Truncate the table and write all the non duplicates in again? Depends on what percentage of the table are duplicates
The fastest is almost certainly to use regular SQL in a SQLExecutor. Here's an example using in SQL Server:
WITH cte AS (
SELECT
contact_id,
first_name,
last_name,
email,
ROW_NUMBER() OVER (
PARTITION BY
first_name,
last_name,
email
ORDER BY
first_name,
last_name,
email
) row_num
FROM
sales.contacts
)
DELETE FROM cte
WHERE row_num > 1;
Assumes you have a table "sales.contacts" and you want to remove all duplicates of the combination of first_name + last_name + email. It only needs to be executed once. If you have the right indexes this should be very fast.
hi @david_r I am facing the same issue of duplicate records in the database table. Some records are being inserted multiple times in the database. I want to keep only one record and remove the duplicates, preserving the original or unique record in the table. I haven't used SQL Executor before and was wondering if the SQL query mentioned above would work for my situation as well.Thanks!
Hi @fme_can_do_it , that should work for Microsoft SQL Server. If you’re using anything else it might need to be adapted to that particular SQL flavor.
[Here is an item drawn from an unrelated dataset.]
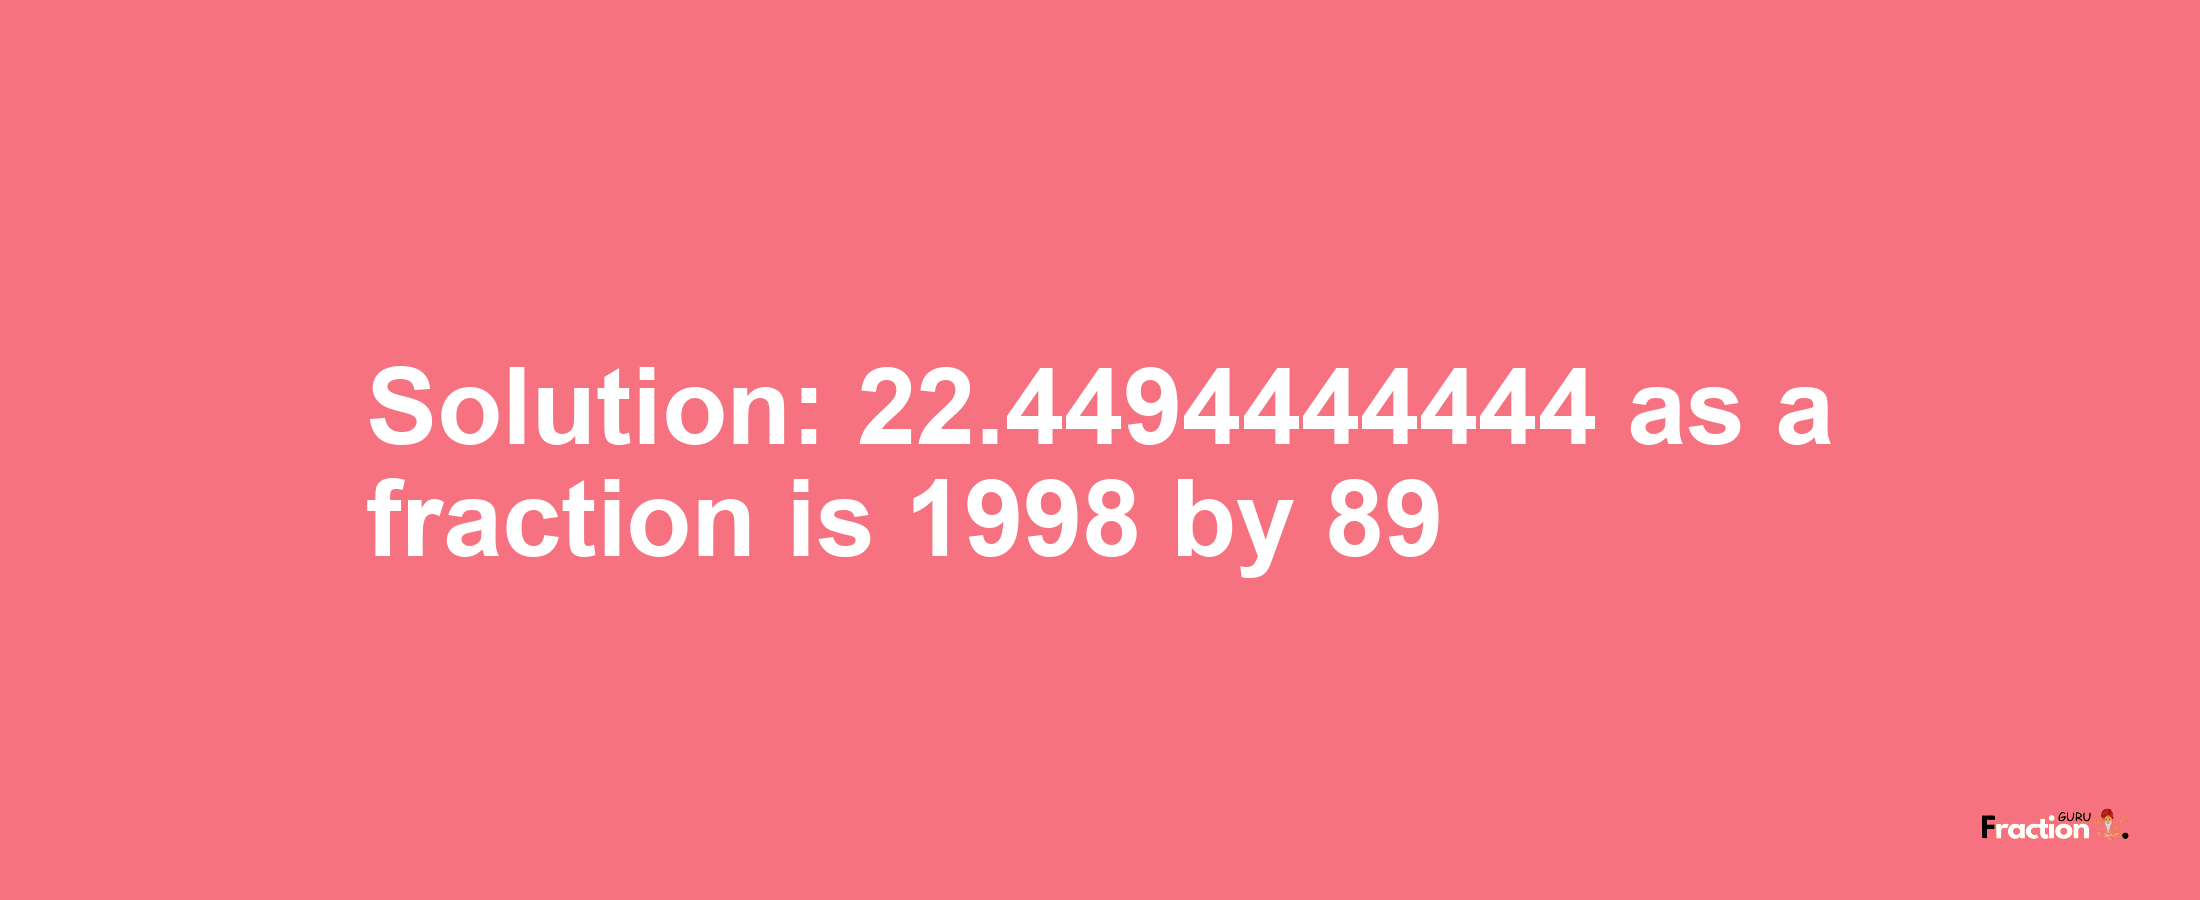 Solution:22.4494444444 as a fraction is 1998/89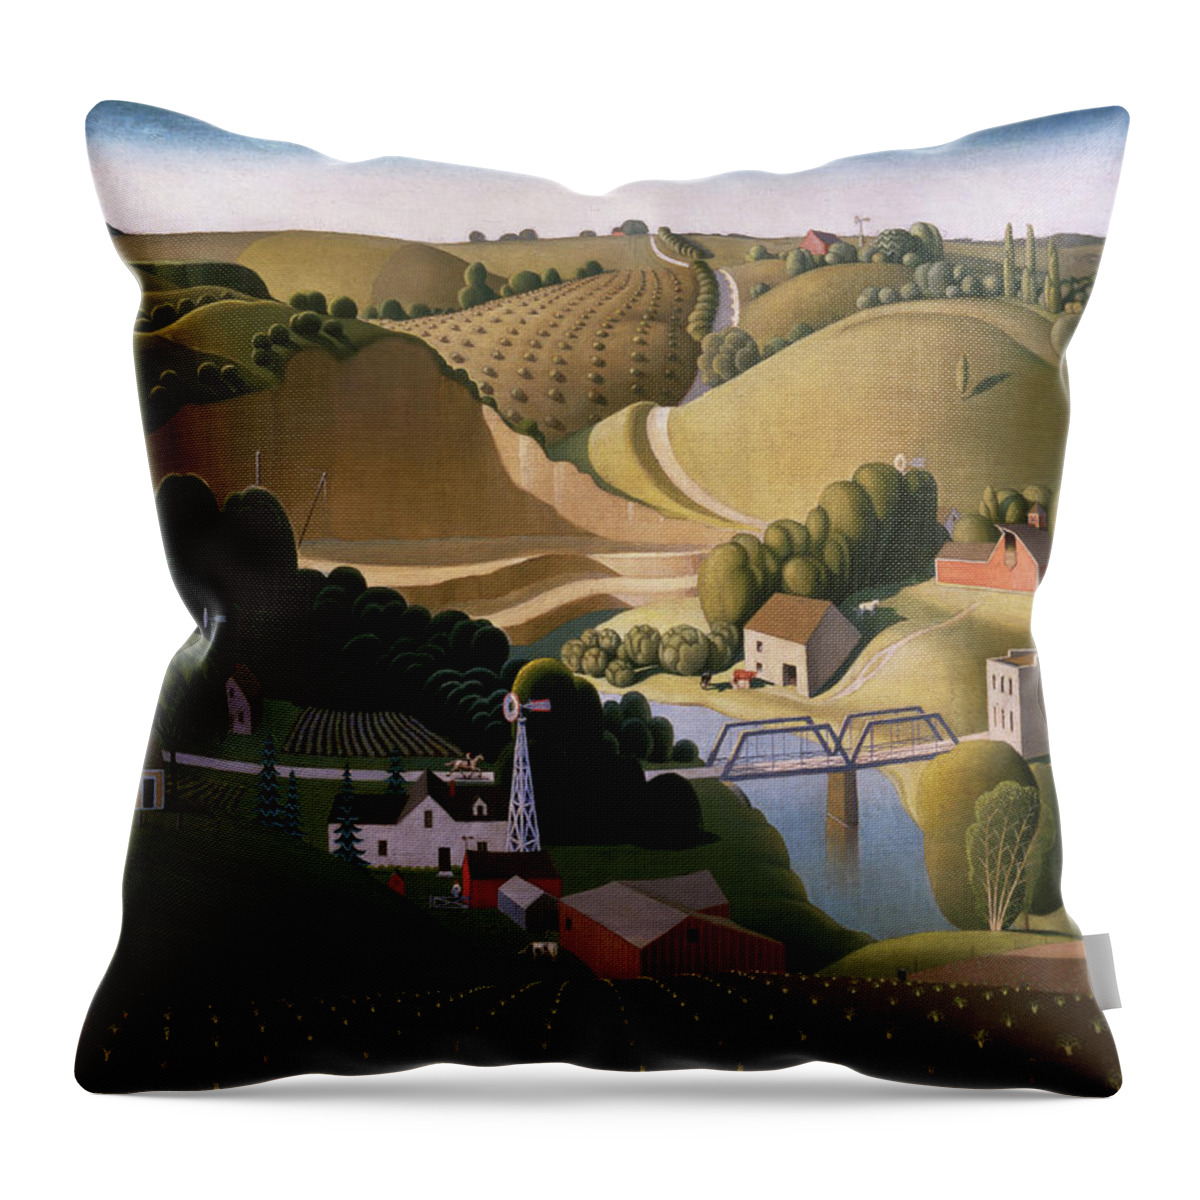 Grant Wood Throw Pillow featuring the painting Stone City, 1930 by Grant Wood

You can check the syntax by using this non-destructive query (i.e. nothing gets deleted, only selected):
WITH cte AS (
SELECT
contact_id, -- modify as needed
first_name, -- modify as needed
last_name, -- modify as needed
email, -- modify as needed
ROW_NUMBER() OVER (
PARTITION BY
first_name, -- modify as needed
last_name, -- modify as needed
email -- modify as needed
ORDER BY
first_name, -- modify as needed
last_name, -- modify as needed
email -- modify as needed
) row_num
FROM
sales.contacts -- modify as needed
)
SELECT * FROM cte
WHERE row_num > 1;
Of course you’ll have to modify/add/remove the columns and also modify your table name, I’ve flagged those with the comment “--modify as needed”
If you’re happy with the selection of records, you can delete the returned records by simply modifying the second to last line into DELETE FROM cte
as in the example above. If you’re unsure, I recommend making a backup of the table first.
Of course, you could also do the same thing very easily with only FME and no SQL, e.g.
Reader → DuplicateFilter (Port: Duplicate) → DatabaseDeleter
@david_r i used Duplicate filter in my workflow and routed all duplicate features to the writer. In the configuration of this writer, I specified the delete operation based on the objectID column, which serves as a unique identifier. It worked! thank you!